Goodyear also alleged that Coulson had had multiple conversations about firearms and bombs with other employees; Goodyear asserts that Coulson made “shooting gestures” with his hands towards other employees. Coulson concedes that he had conversations about weapons at work, but characterizes those conversations as jokes. Goodyear asserts that Mari Assante reported that Coulson threatened to use a machine gun in the lab.

Goodyear then determined that Coulson should be placed on a second leave of absence for the purpose of evaluating whether he would pose a threat to himself or other workers. On September 19, 1994, Coulson was escorted off of Goodyear’s property, and was placed on paid leave, contingent on his receiving a medical evaluation.

Dr. Robert Rodriguez, selected by Coulson to make the evaluation, cleared Coulson to return to work on December 7, 1994. Dr.
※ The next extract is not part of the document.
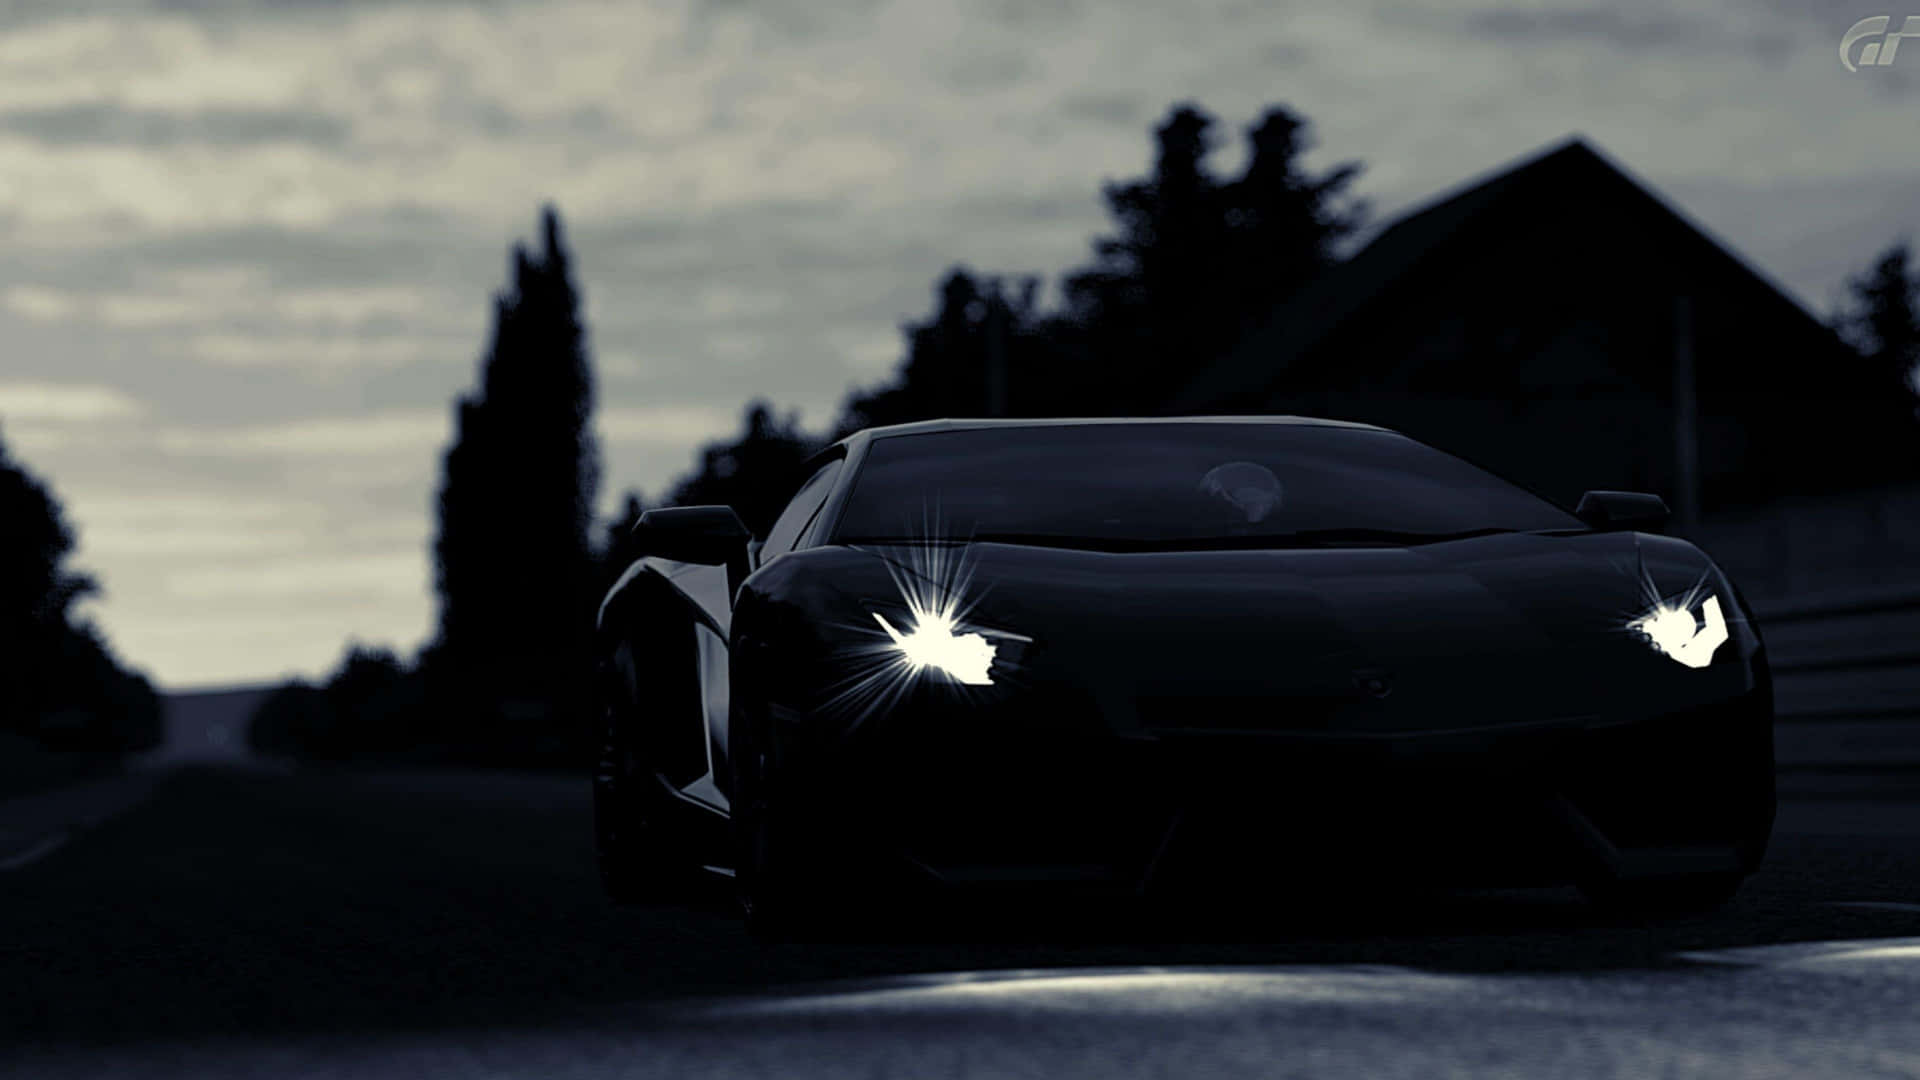 Own the Road in a 4k Lamborghini

Rodriguez suggested that Coulson should be transferred to another department under different supervisors. Sherman questioned the validity of Rodriguez’s diagnosis. Sherman asked that Coulson see Dr. George E. Tesar, a psychiatrist. Tesar diagnosed Coulson with “major depression with psychotic features: in remission versus bi-polar II; in remission” and probable paranoid personality disorder. On March 14, 1995, Tesar cleared Coulson for return to work. Tesar provided an extensive report, which concluded that Coulson was not a danger to himself or others, but that he should be [854]*854transferred if possible, or, if transfer were not possible, that he must “demonstrate his resolve to work with the individuals who he has previously perceived as ‘harassing.’ ”

On March 31, 1995, Coulson was instructed to report to work in Department 415C on his normal work shift on Monday, April 3, 1995. Coulson did not report to work, claiming that he should be transferred to another department. On April 4, 1995, Goodyear informed Coulson that “there are no current job openings suitable for [his] qualifications.” Goodyear’s April 4 letter advised Coulson that he needed to “advise [Goodyear] regarding [Coulson’s] intentions to return to work at Goodyear.” When Coulson still did not report to work for another 2 weeks, George Sacco terminated Coulson’s employment on April 14.
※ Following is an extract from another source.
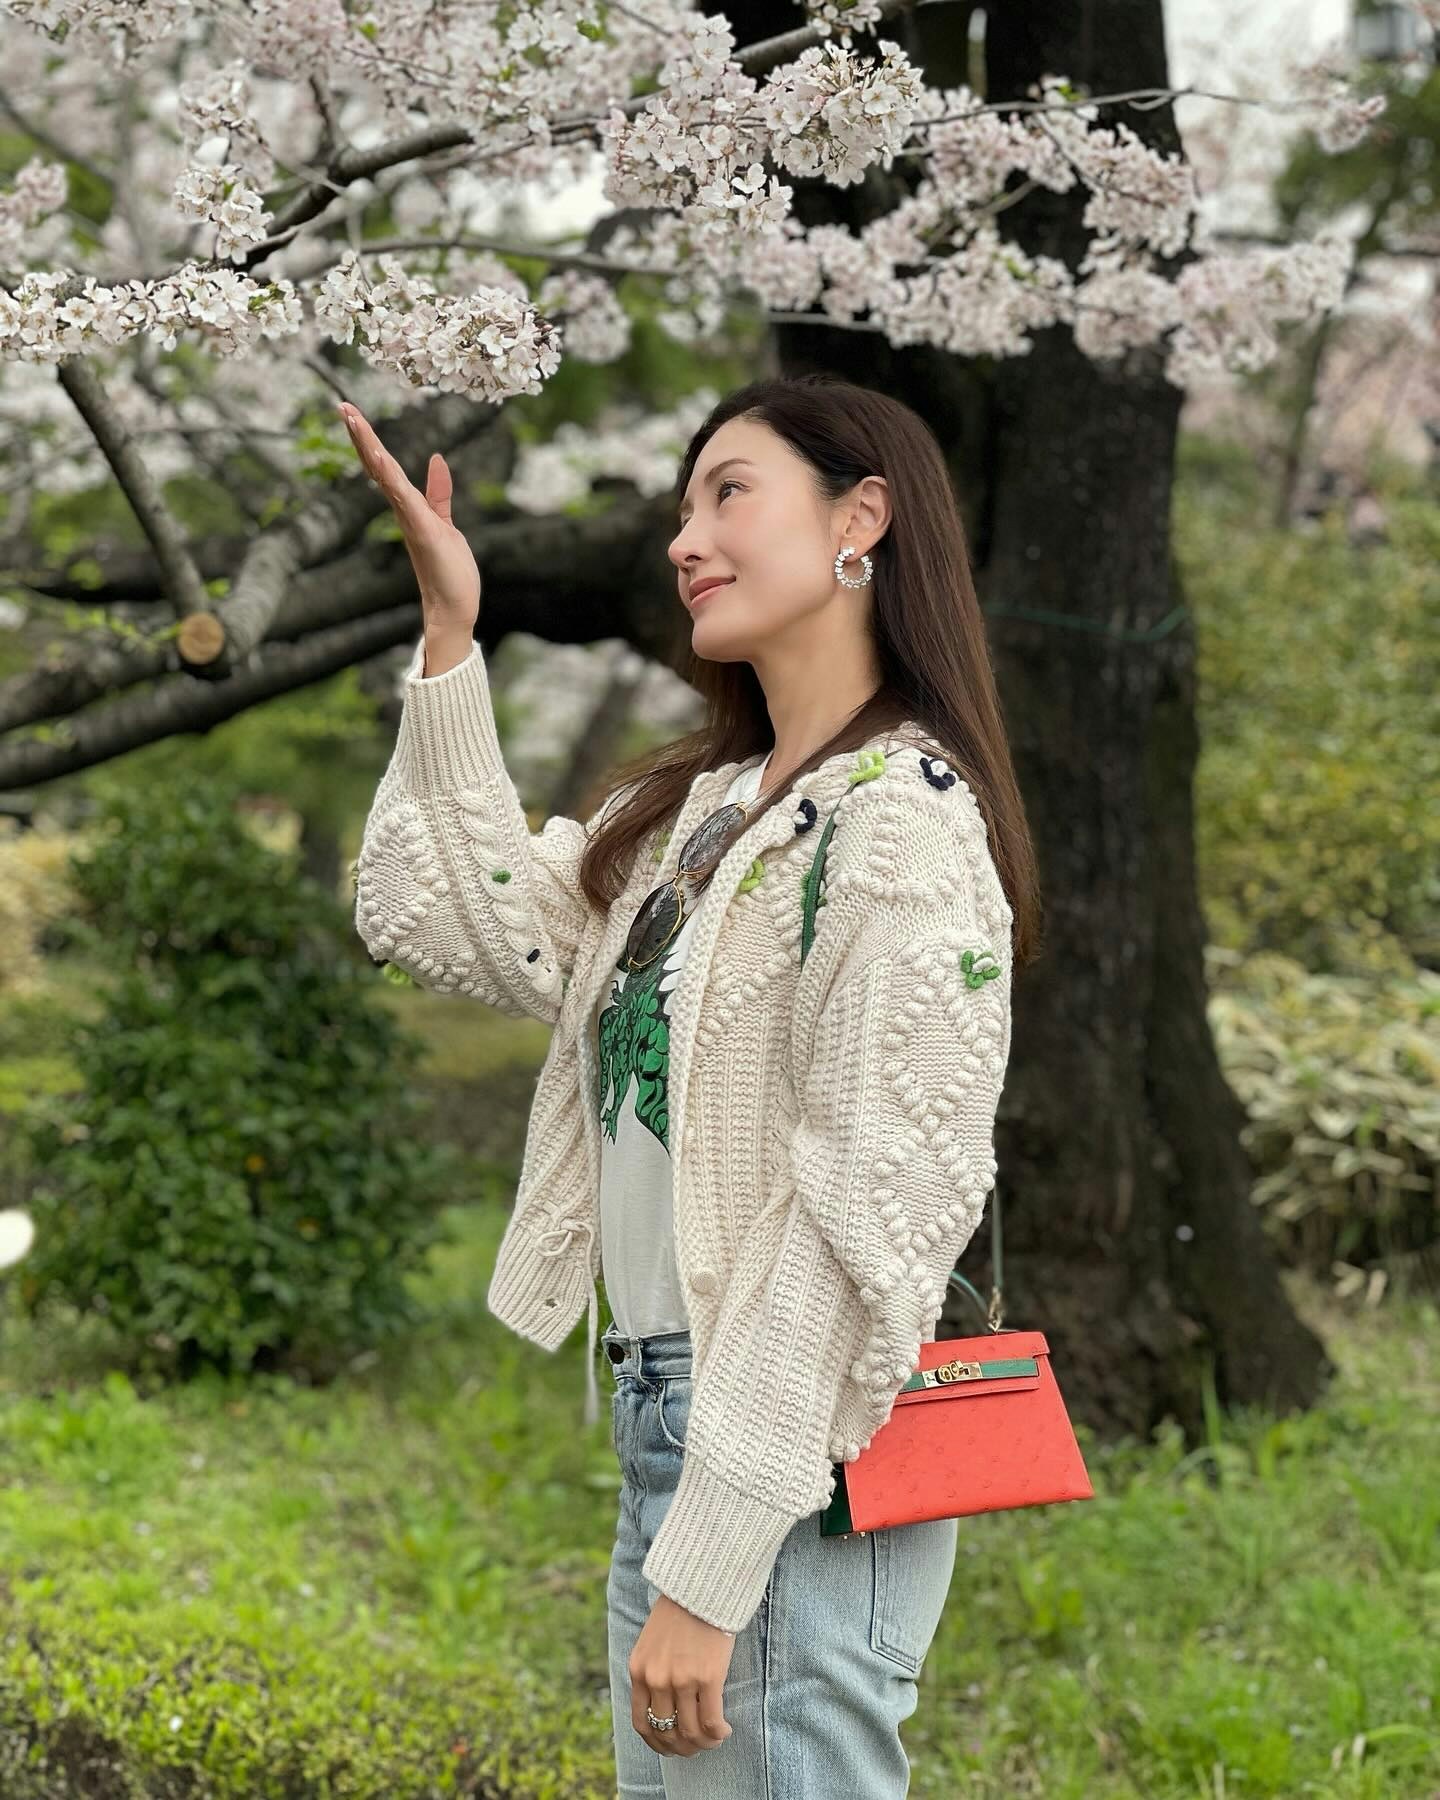 日本赏樱。（IG@michele_monique_reis）

The ease was tried before a magistrate judge by the consent of the parties. The magistrate judge granted Goodyear’s motion for summary judgment. Coulson timely appealed.

II

A. Discrimination

Summary judgment is appropriate where there is no material issue of disputed fact, and the moving party is entitled to judgment as a matter of law. Celotex Corp. v. Catrett, 477 U.S. 317, 322, 106 S.Ct. 2548, 91 L.Ed.2d 265 (1986). The moving party may simply point out that the opposing side has offered no, or insufficient, proof on an issue. Ibid. Review of a grant of summary judgment is de novo.

The Americans with Disabilities Act (ADA) prohibits discrimination “against a qualified individual with a disability because of the disability of such individual in regard to application procedures, the hiring, advancement, or discharge of employees, employment compensation, job training and other terms, conditions and privileges of employment.” 42 U.S.C. § 12112(a).

To recover on a claim of discrimination under the Act, the plaintiff must show (1) that he is a member of a protected class (disabled in fact or regarded as disabled), (2) that he is otherwise qualified to perform the job requirements with or without reasonable accommodation, and (3) that he was discharged “solely by reason of his handicap.” Monette v. Electronic Data Systems, 90 F.3d 1173, 1178 (6th Cir. 1996).1

The parties dispute at great length whether Coulson is disabled, or was regarded by Goodyear as disabled (Coulson himself has never admitted to being disabled), but the magistrate judge did not reach this question. Therefore, an assessment of part (1) of the Monette formulation, above, is improper on appeal. Part (2) is not disputed, since both sides agree that Coulson was capable of doing his job.